Dem Parti geçen ekim ayında bir manifestoyla engellilere ayrımcılığa karşı çıkmıştı. Daha önce HDP’nin hazırladığı çok yararlı “Engellilere Yönelik Ayrımcı Tabirler Raporu” yayınlamıştı. Şimdi de Diyarbakır, Van, Cizre gibi belediyelerde engelli daire başkanlıkları kuruyor, katılımcı bir yöntemle hazırladığı yönetmeliği bu hafta sonu sundu, hak savunucularının görüşlerini aldı. Umarım başka belediyelere de yayılır.

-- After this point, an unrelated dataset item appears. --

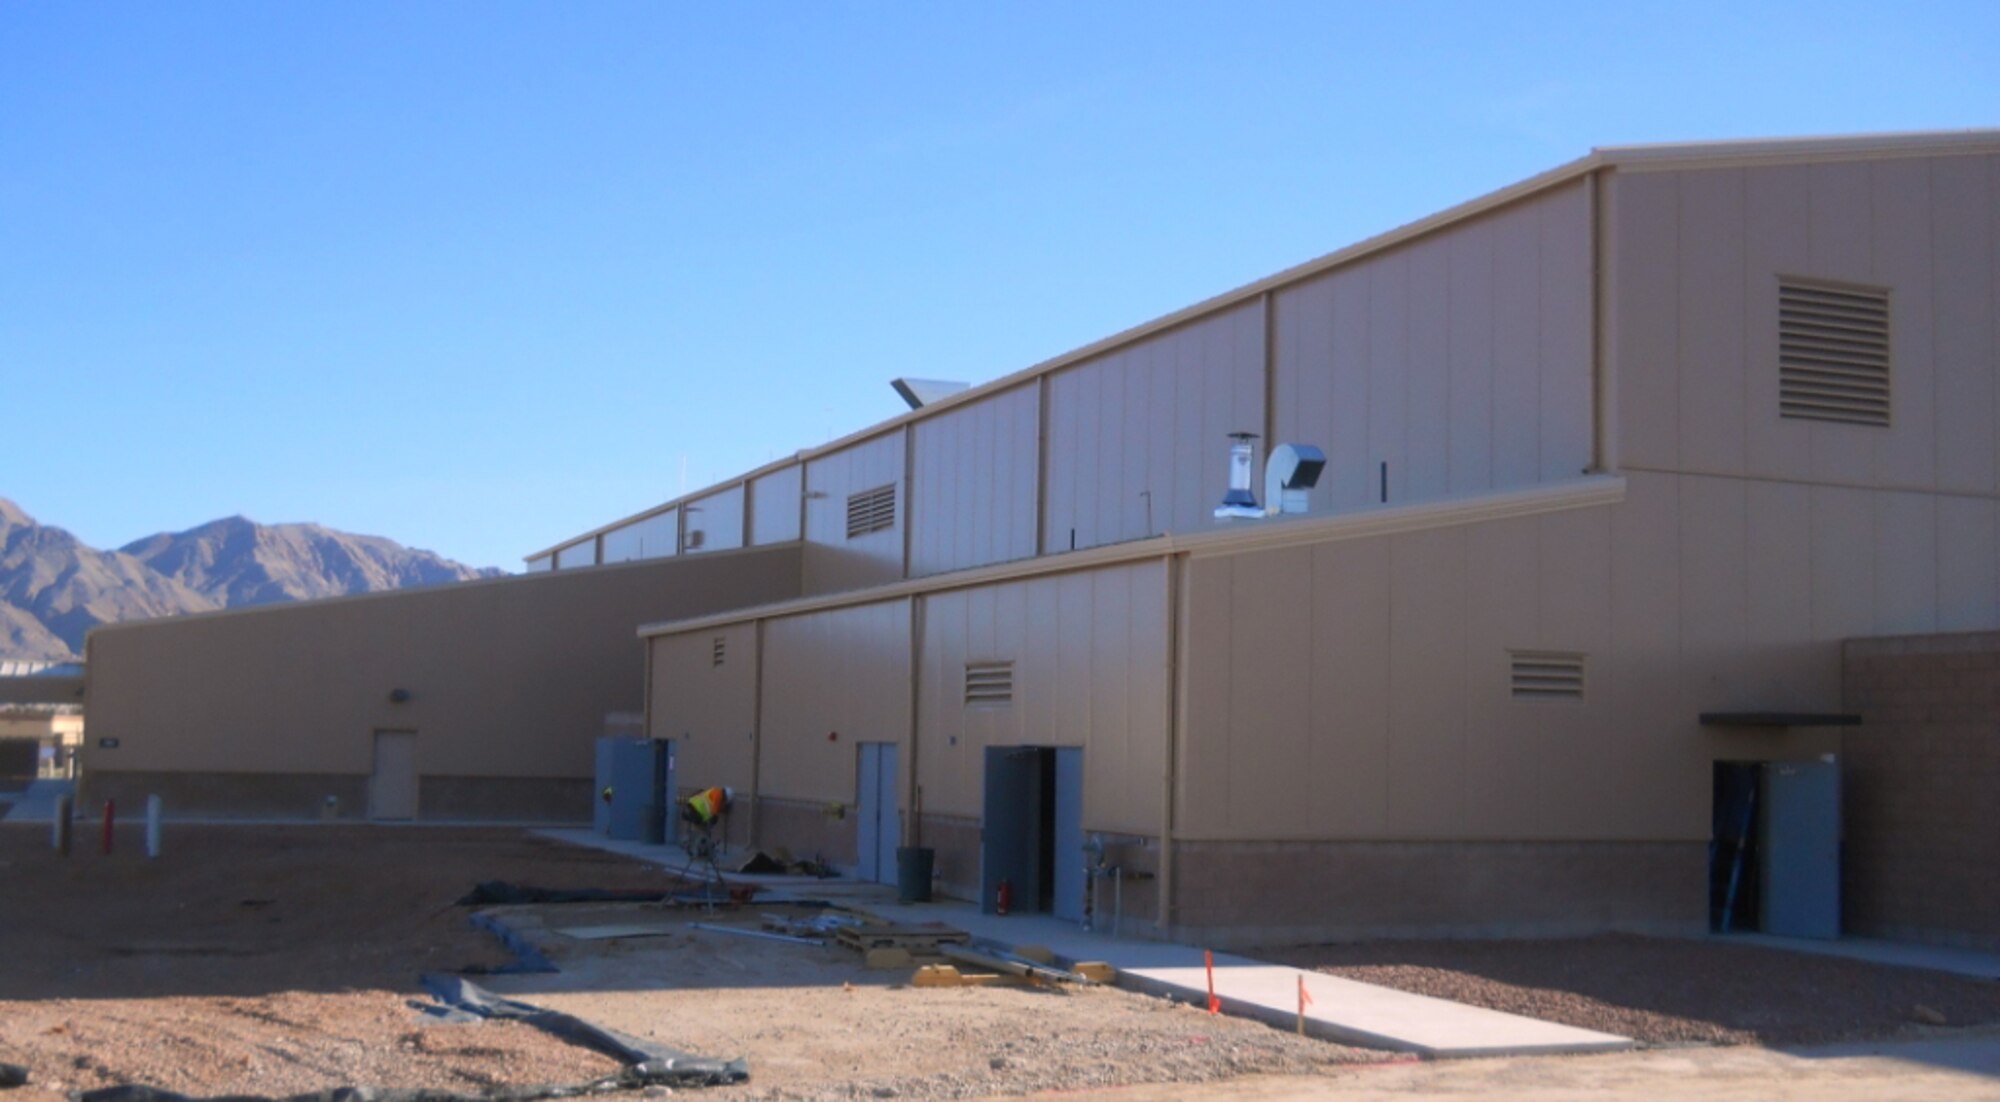 This fuel cell hangar at Nellis Air Force Base, Nevada, serve the F-35 Lightning II fleet. (U.S. Air Force Photo)
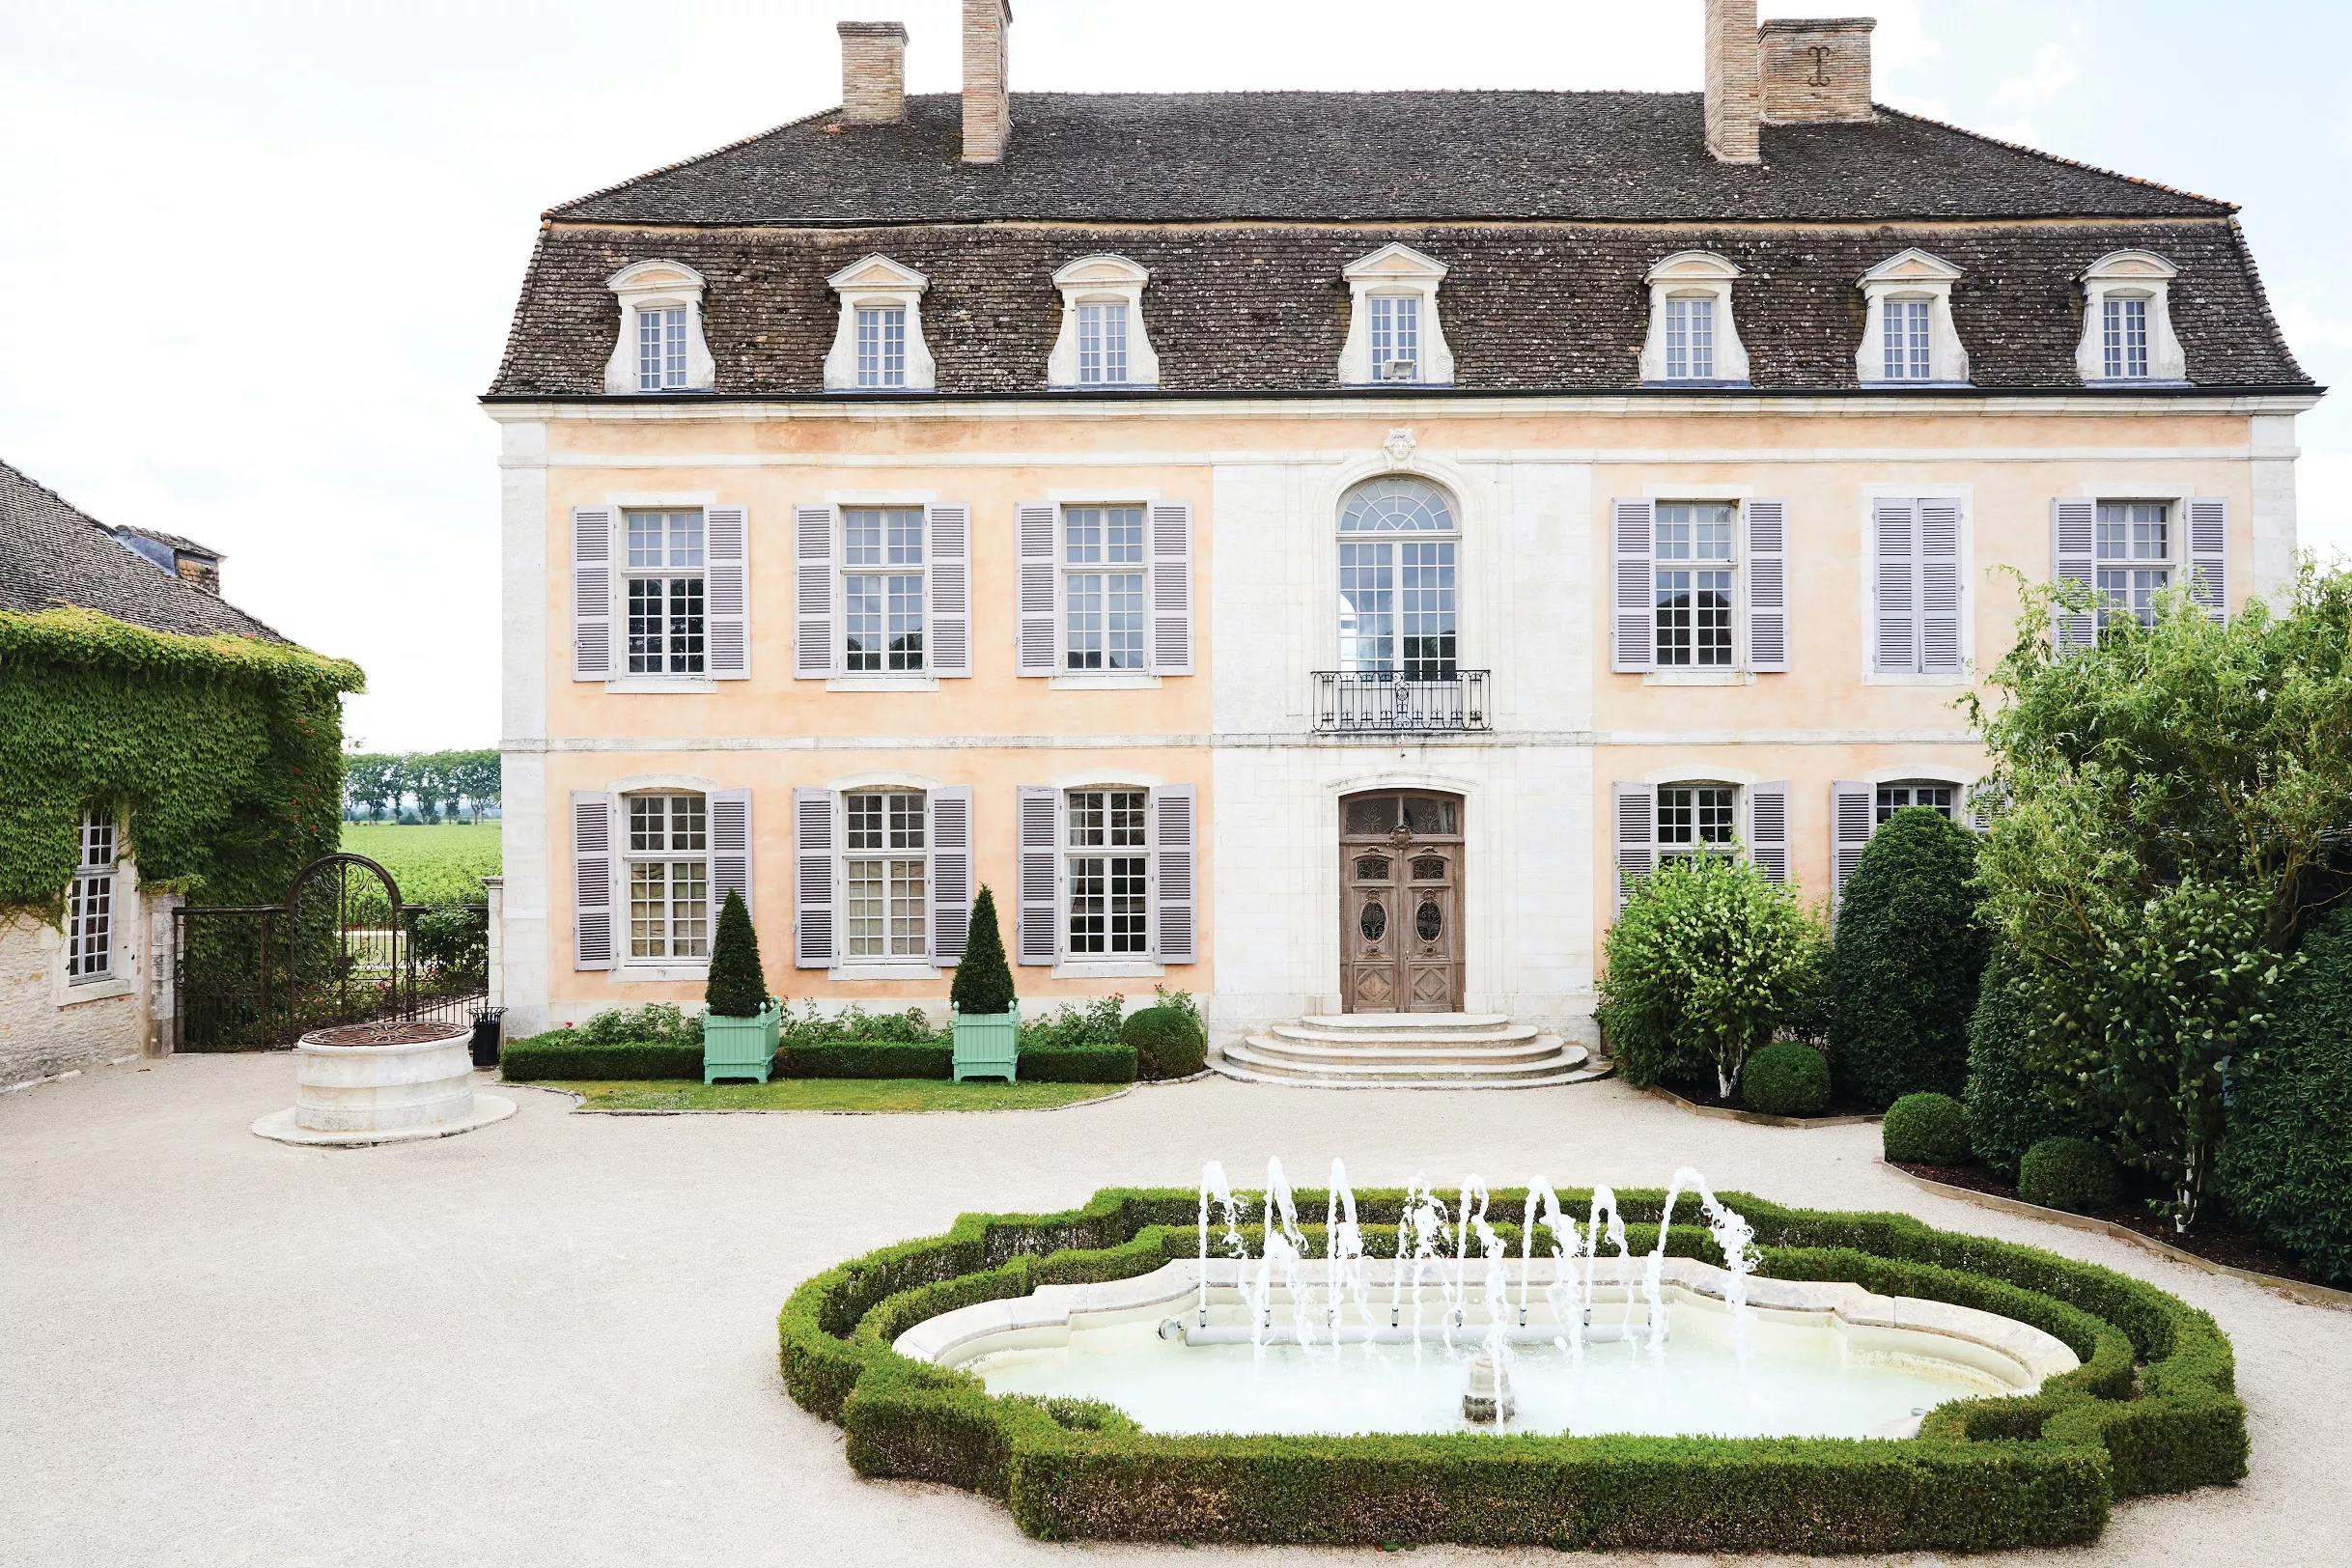 Chateau De Pommard in France, Europe | Wineries - Rated 0.8

Sorunlara aşinayız ama çözümler konusuna belki uzağız. Hata yapabiliriz ancak çıtamızı eşitliğe sabitlersek işimiz daha kolay. Engellilerin eşit yurttaşlar olarak, bağımsız bir şekilde, kaldırımlarda engellere takılmadan, kılavuz çizgilerini takip ederek yürüme, toplu taşımada sesli ve görüntülü uyarı sitemi, binalara ruhsat verirken erişilebilirlik şartı, fiziksel ya da nörolojik farklılıklarına göre değil bilgilerine, yeteneklerine göre çalışma hakkı talepleri var. Sevgi değil, haklarını istiyorlar. Haberciliğe bu temelden bakmak, yeni ihlaller yaratmamak için Engelli Kadın Derneği’nin “Engelli Ayrımcılığına Karşı Medya Dili Kılavuzu”nu da buraya bırakayım.